The centrepiece of the Via Tortona show is an immersive ‘utopia of biodiversity’ – an enclave of greenery in which the new collection is woven into a landscape of trees, plants and flowers. Visitors are invited to step into this immersive space, lured forward to explore deeper by the curve of the walls, the winding path and the glimmers of light ahead.
The exhibition also finds room to introduce visitors to Vestre’s new manufacturing facility the Plus – the world’s most environmentally friendly furniture factory – and to champion the brand’s sincere dedication to sustainability and the circular economy. This is embodied in the fabric of the exhibition itself – all materials are being recycled from the award-winning stand Note created for Vestre at Stockholm Furniture Fair 2020.
Bureau's architecture by HNNA, interiors by Roz Barr and photography Ruth Ward.

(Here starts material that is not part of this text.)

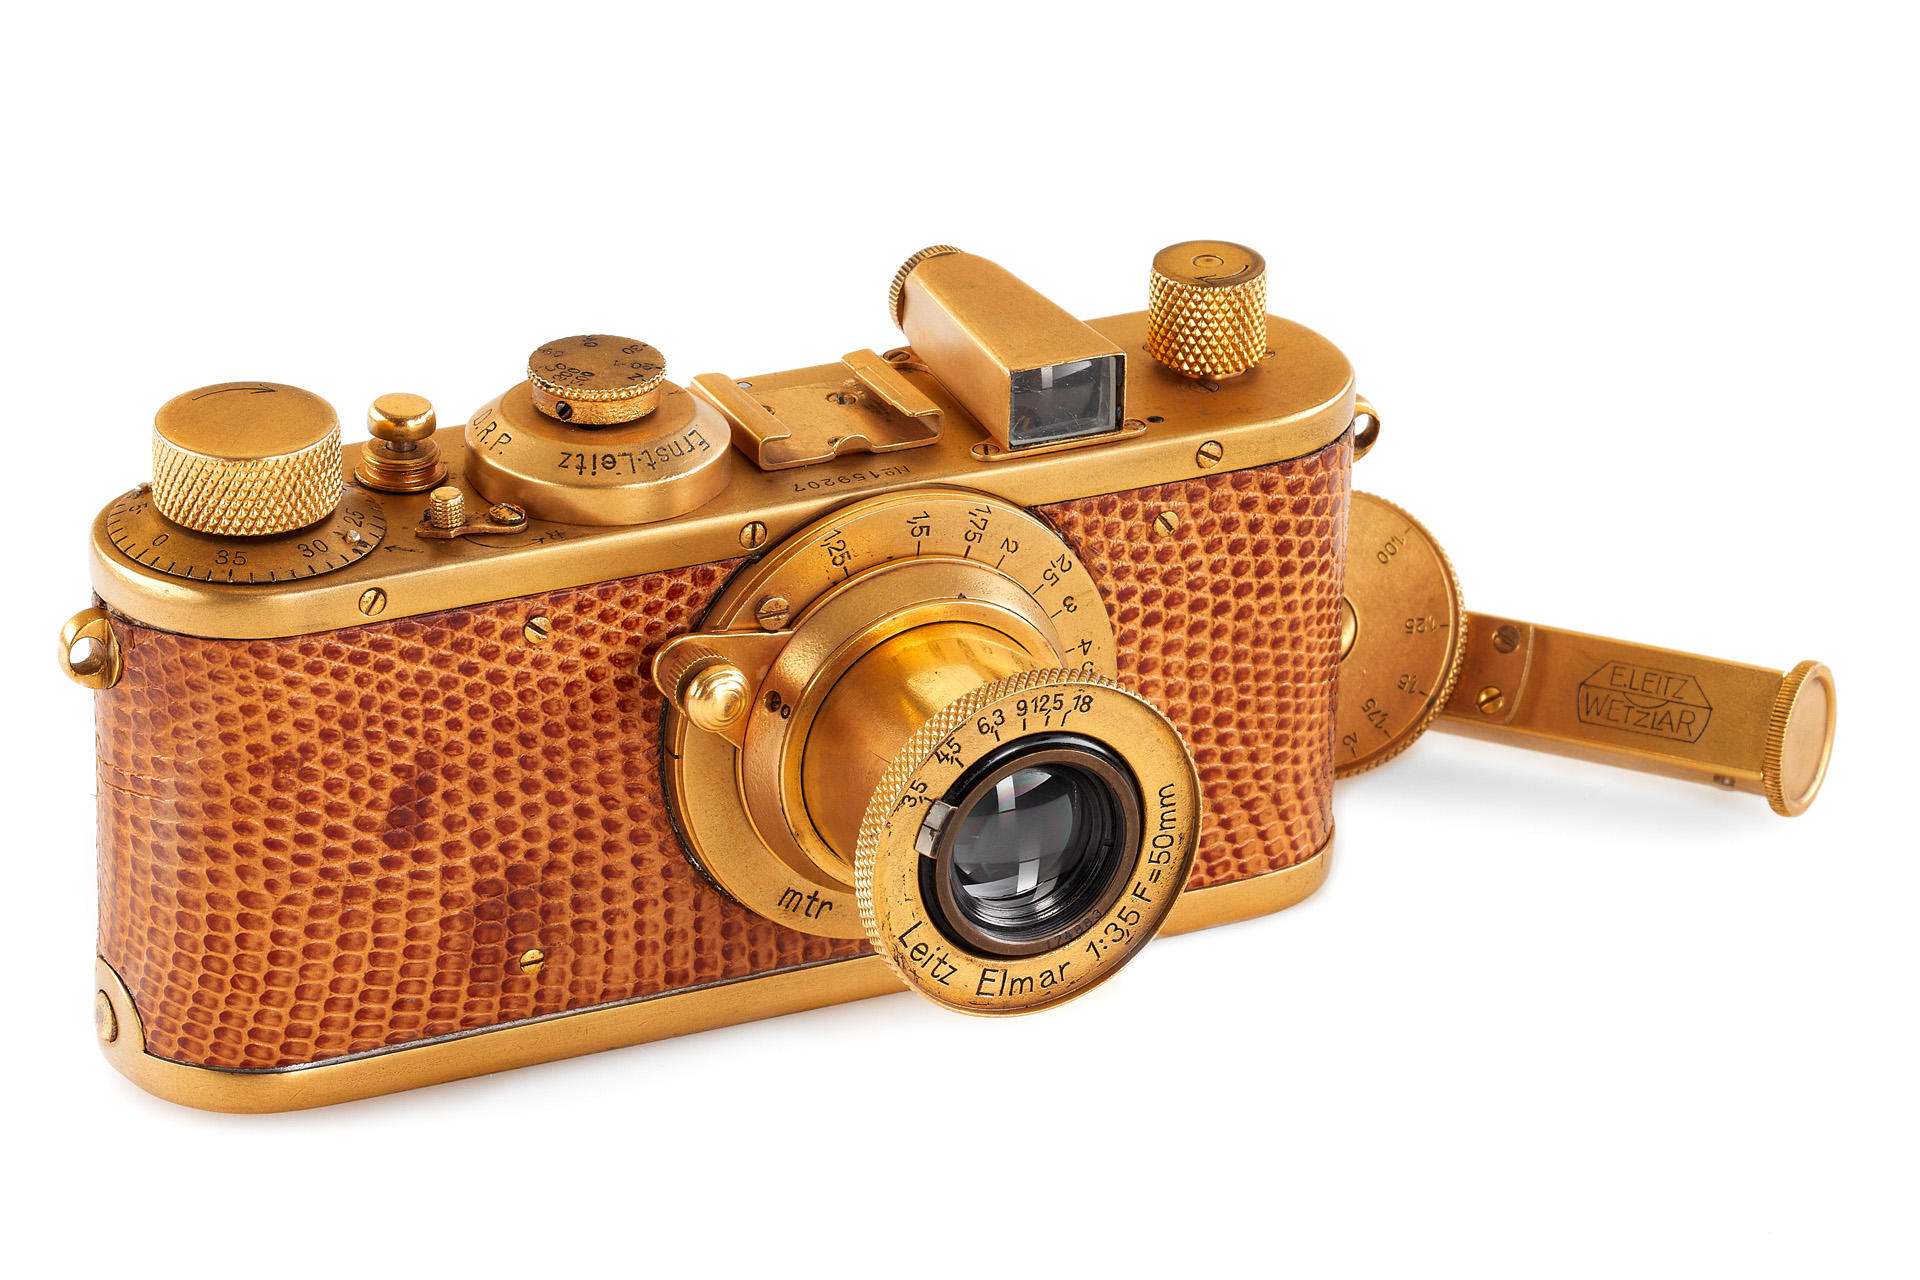 Leica Standard 'Luxus' replica
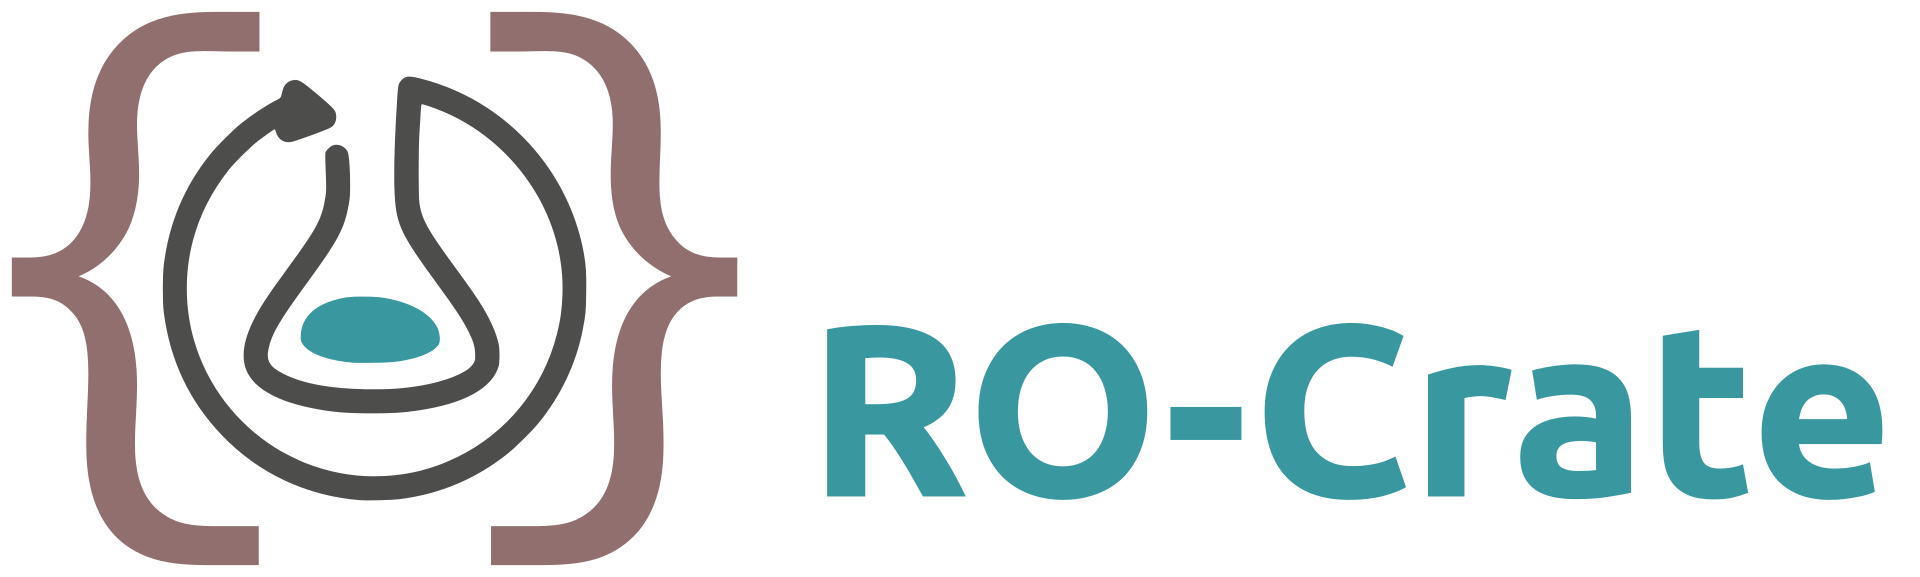 RO Crate logo

Sneak peek inside Bureau First look at Roz Barr’s interiors for Design District members’ club and workspace
The full photoshoot is due at the end of the August, but in the meantime, feast your eyes on this first-look shots inside Bureau, and check out interior architect Roz Barr’s materially honest fusion of the utilitarian with the sophisticated. Working with two blank canvas buildings – one care of HNNA; the other by Architecture 00 – Roz Barr Architects has worked with the contours and features of each structure to create versatile and adaptable workspace layouts to suit the needs of diverse creatives and disciplines. Developed during the pandemic, Bureau is designed to offer a flexible ‘third-way’ workspace, offering the social and collaborative benefits of the office with the freedom and flexibility of working form home. As Roz puts it: “It’s not about rows of booths and cubicles anymore – we need places where we can connect with each other, build ideas together, and enjoy the magic of chance and happenstance.”